Placonotus is a genus of beetles in the family Laemophloeidae. There are 40 currently recognized species, known from all continents except Antarctica. Placonotus species are small (~2mm), elongate, flattened beetles, characterized by long filiform antennae, presence of a frontoclypeal suture, open anterior coxal cavities, and broadly rounded intercoxal process of abdominal ventrite III. Males have the 8th abdominal segment modified to form claspers used during mating.
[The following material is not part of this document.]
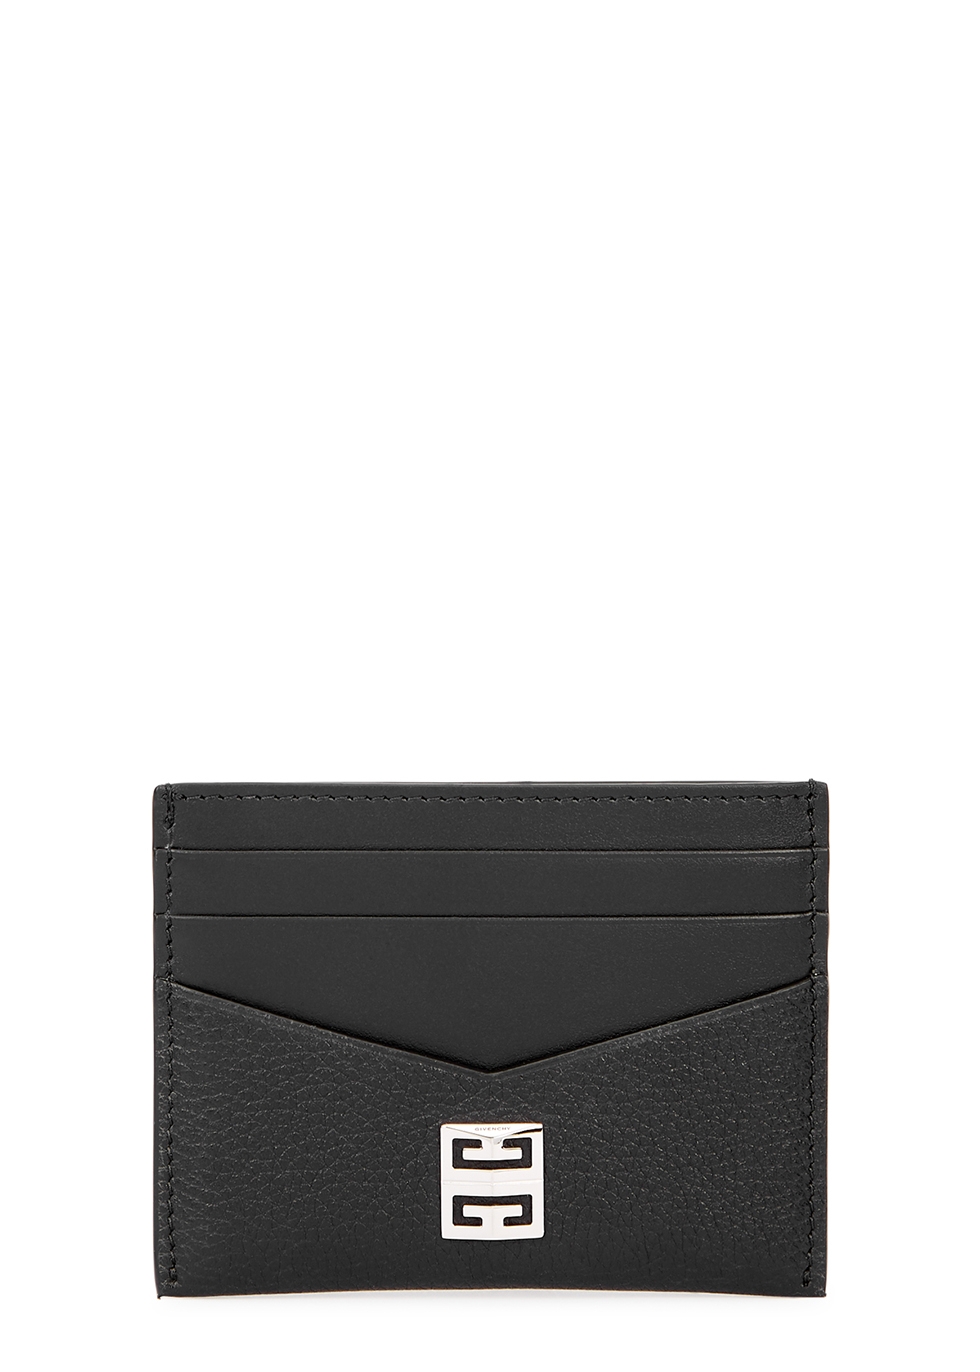 Givenchy Black logo leather card holder - Harvey Nichols

Adults and larvae are found under dead bark, where they feed on fungi. Currently recognized species are:

- Placonotus africanus Lefkovitch
- Placonotus arizonensis Thomas
- Placonotus bolivari Grouvelle
- Placonotus debanus Mukhopadhyay
- Placonotus decoratus Grouvelle
- Placonotus dolce Lefkovitch
- Placonotus donacioides Wollaston
- Placonotus ealaensis Lefkovitch
- Placonotus embuensis Thomas
- Placonotus exornatus Grouvelle
- Placonotus falinorum Thomas
- Placonotus gladiator Thomas
- Placonotus granulatus Wollaston
- Placonotus himalaicus Mukhopadhyay & Sen Gupta
- Placonotus infimus Sharp
- Placonotus keralicus Mukhopadhyay & Sen Gupta
- Placonotus macrognathus Thomas
- Placonotus majus Lefkovitch
- Placonotus maya Thomas
- Placonotus mestus Lefkovitch
- Placonotus modestus Say
- Placonotus mossus Lefkovitch
- Placonotus nitens LeConte
- Placonotus orientalis Grouvelle
- Placonotus pallentipennis Reitter
- Placonotus patruelis Thomas
- Placonotus planifrons Thomas
- Placonotus politissimus Wollaston
- Placonotus proximus Grouvelle
- Placonotus pseudomodestus Thomas
- Placonotus pseudoproximus Mukhopadhyay & Sen Gupta
- Placonotus rigidus Olliff
- Placonotus saudicus Slipinski
- Placonotus subgranulatus Grouvelle
- Placonotus subtestaceus Grouvelle
- Placonotus subtruncatus Lefkovitch
- Placonotus tastus Lefkovitch
- Placonotus testaceus Fabricius
- Placonotus torsus Mukhopadhyay & Sen Gupta
- Placonotus zimmermanni LeConte

The genus has been treated taxonomically for several geographical regions: the New World; Africa; Europe; and India. The Asian, Pacific, and Australian faunas have not been worked and there are probably many unassigned and undescribed species.